Asian buyers set to size up Iran barrels



The prospects for the return of Iran’s oil supplies to the global crude market – after sanctions against it are eventually lifted – are already raising speculations that the country could eventually end up in a price war with other producers like Saudi Arabia, Iraq and the UAE.

Many believe that while the same price war could lead to further price slides in markets, it will benefit Asia’s biggest consumers by giving them more pricing negotiation leverage.

“Big consumers like China and India in particular are likely to benefit,” Victor Shum, vice president at IHS Inc., an Englewood, Colorado-based industry consultant, has told Bloomberg.

“Competition will intensify,” he emphasized.

South Korean companies are specifically seen as major beneficiaries. Some of them including SK Innovation Co. had to go as far as Mexico and Alaska to buy oil after sanctions on Iran forced it to reduce imports from the country by almost half from 2011.

“We will aggressively assess economic aspects to decide how much to import from Iran in the future,” said Chang Woo Seock, head of the corporate planning office at SK Energy Co., a unit of SK Innovation Company.

Iran’s Oil Minister Bijan Zangeneh has already emphasized that the country will boost shipments by as much as 500,000 barrels a day immediately after sanctions are removed.

This is expected to push prices down further to the benefit of big Asian consumers for which cheaper oil has been a blessing as it has helped them cut budget deficits and boosting emergency crude stockpiles.

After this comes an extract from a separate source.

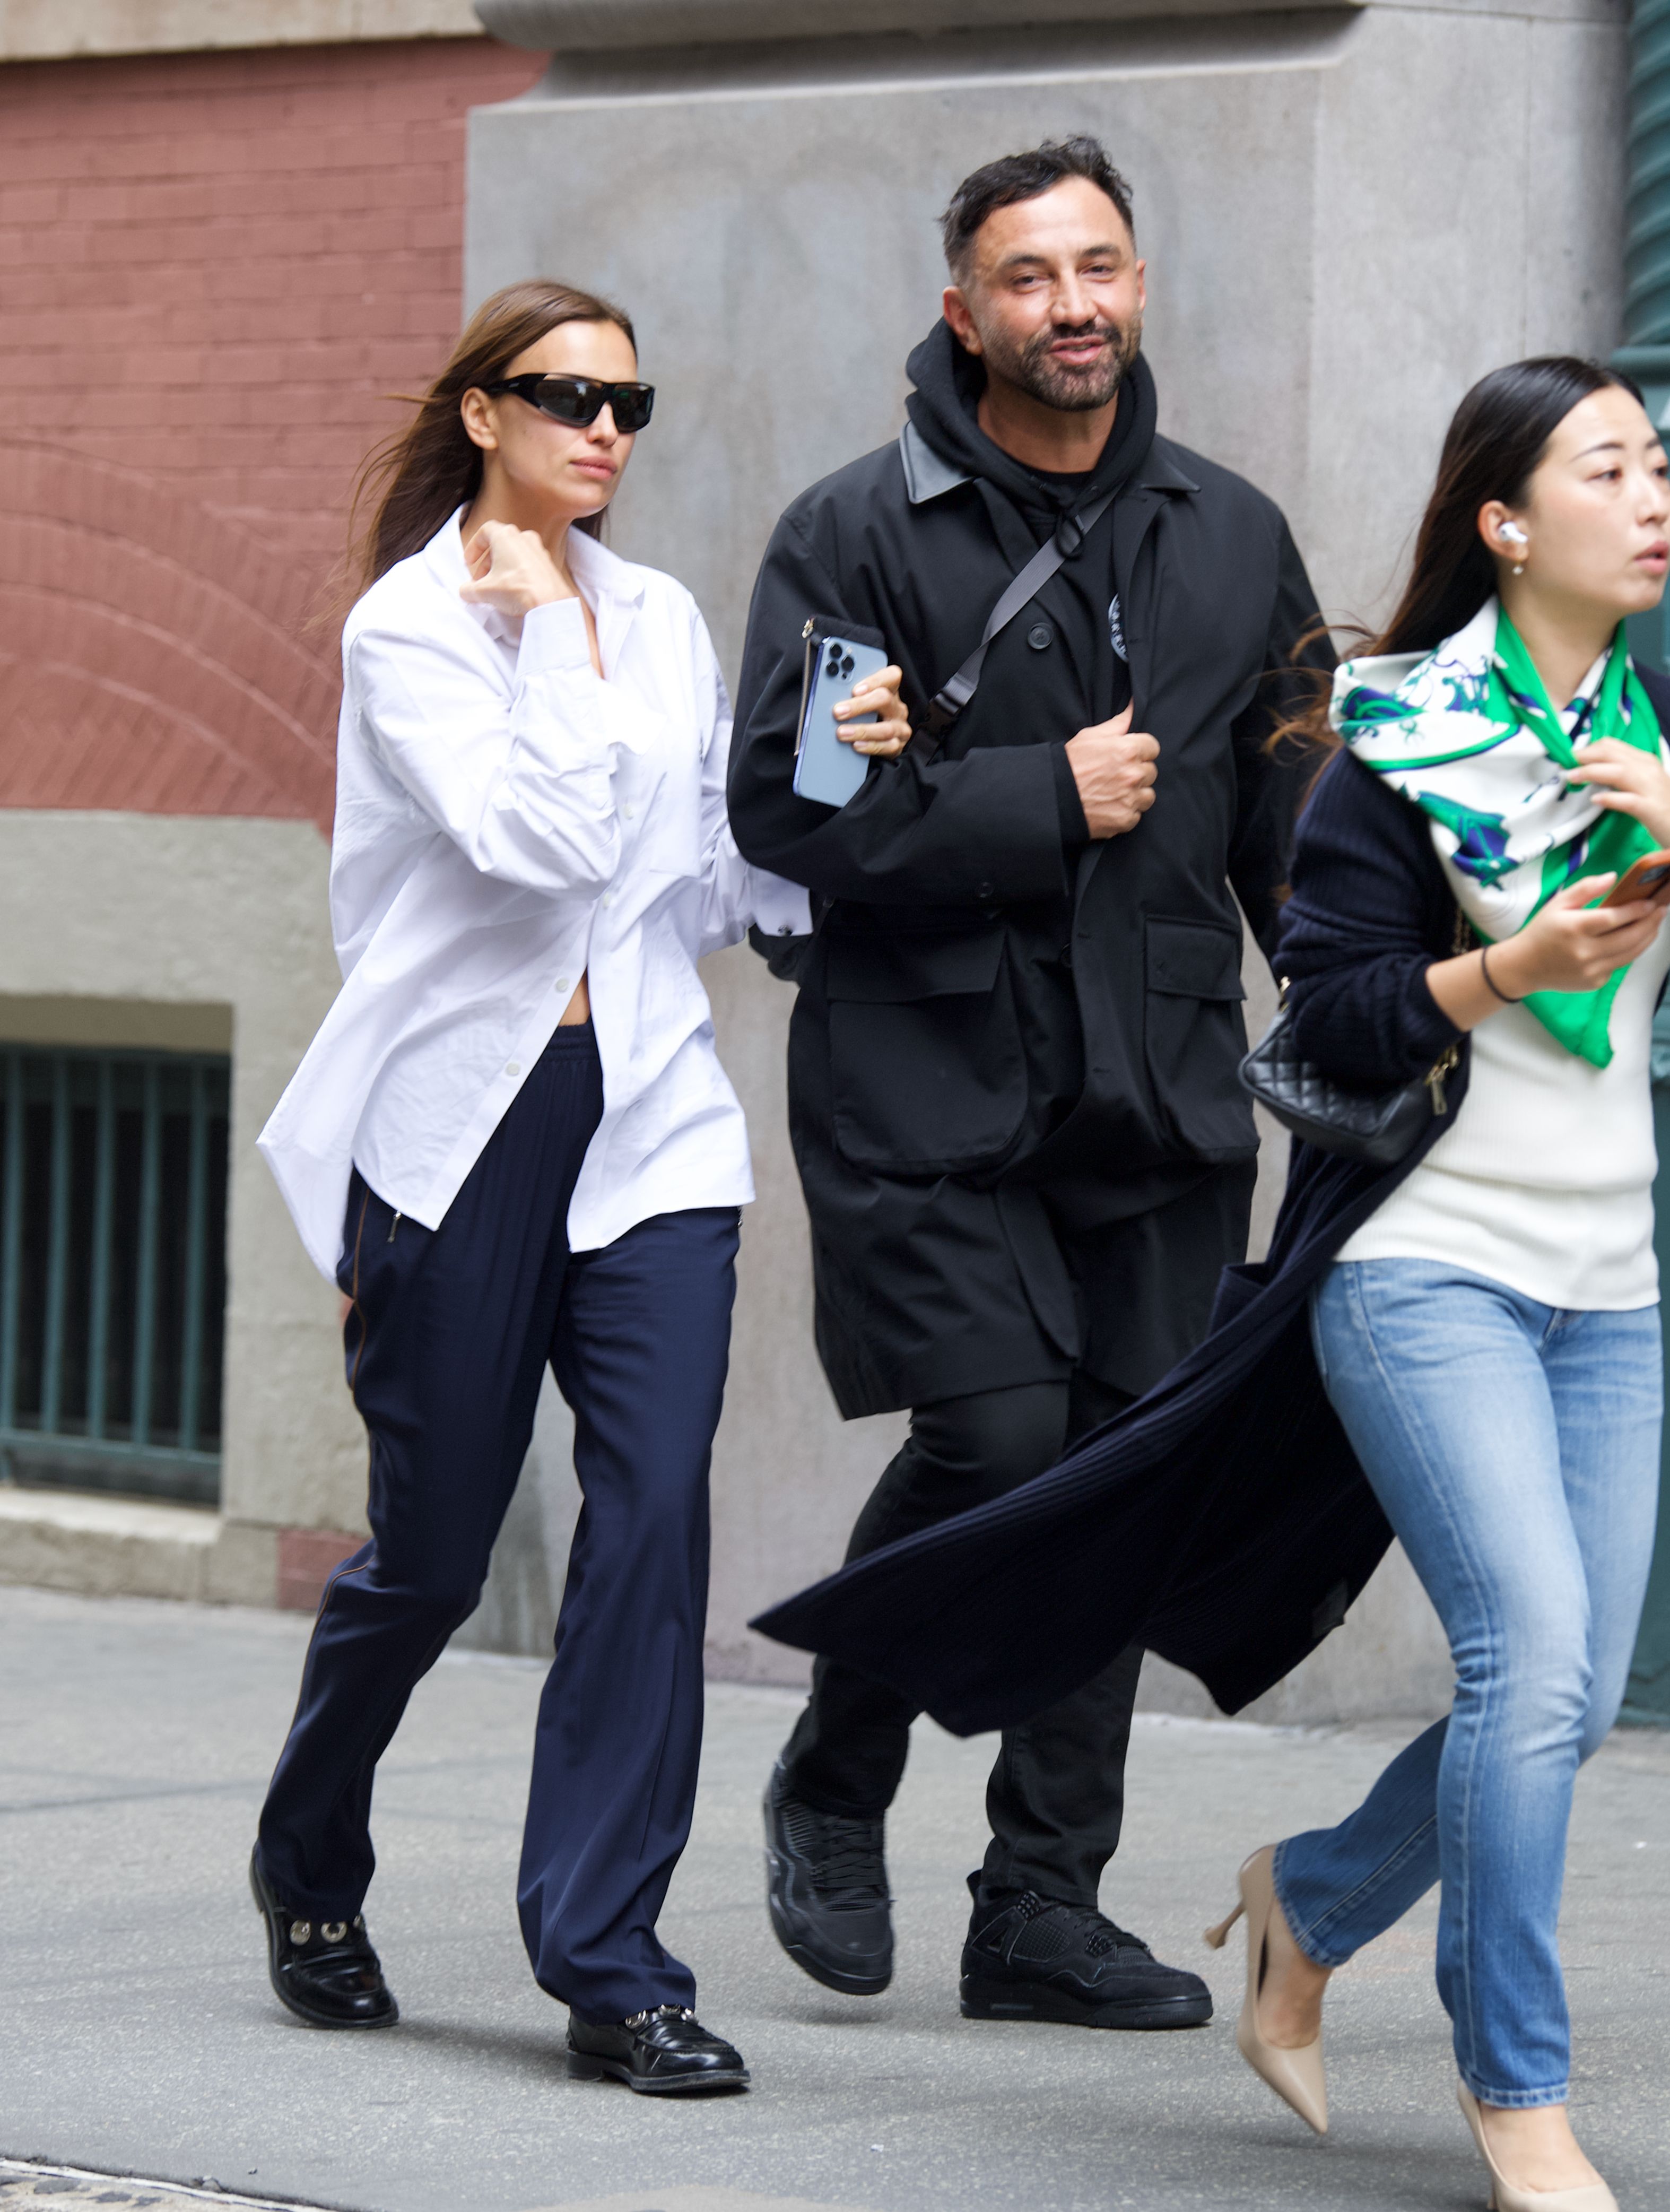 Día de compras. Irina Shayk fue fotografiada mientras caminaba del brazo de Riccardo Tisci por las calles de barrio Soho, en Nueva York. La modelo lució un pantalón azul y una camisa blanca oversize que usó con algunos botones abiertos. Además, llevó lentes de sol
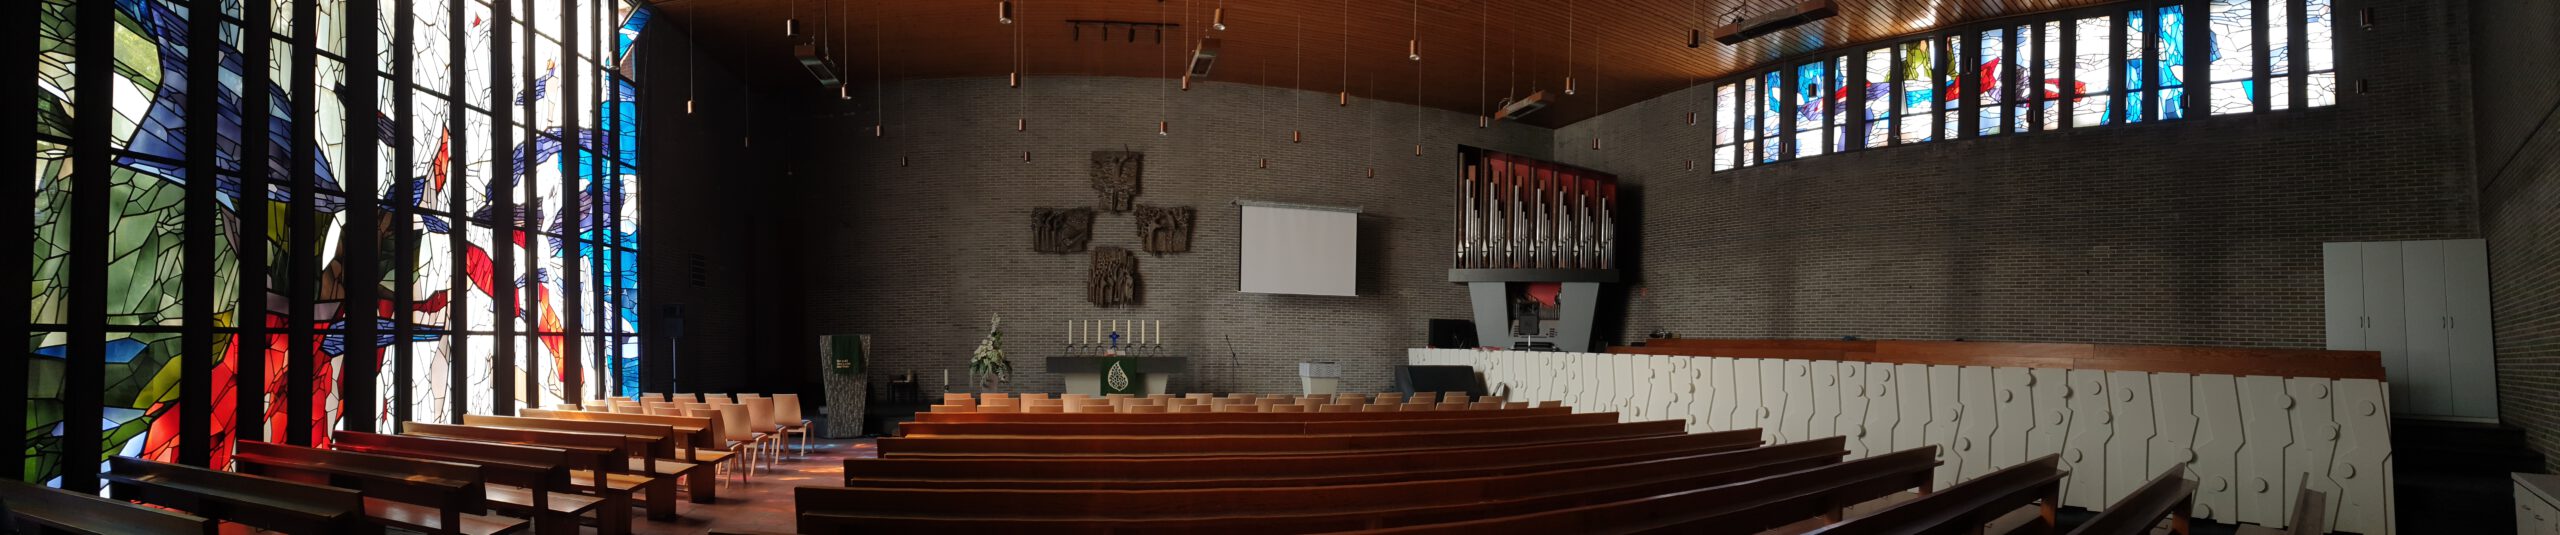 Auferstehungskirche Innen Panorama

JX Nippon Oil & Energy Corp., Japan’s biggest refiner, has announced that it welcomes the lifting of sanctions on Iran as leading to stable supply and a wider choice of crude.

“Iran coming into the market will mean a further slide in oil prices and countries like India will be a major beneficiary,” Bloomberg has quoted India’s Oil Minister Dharmendra Pradhan as saying on July 15.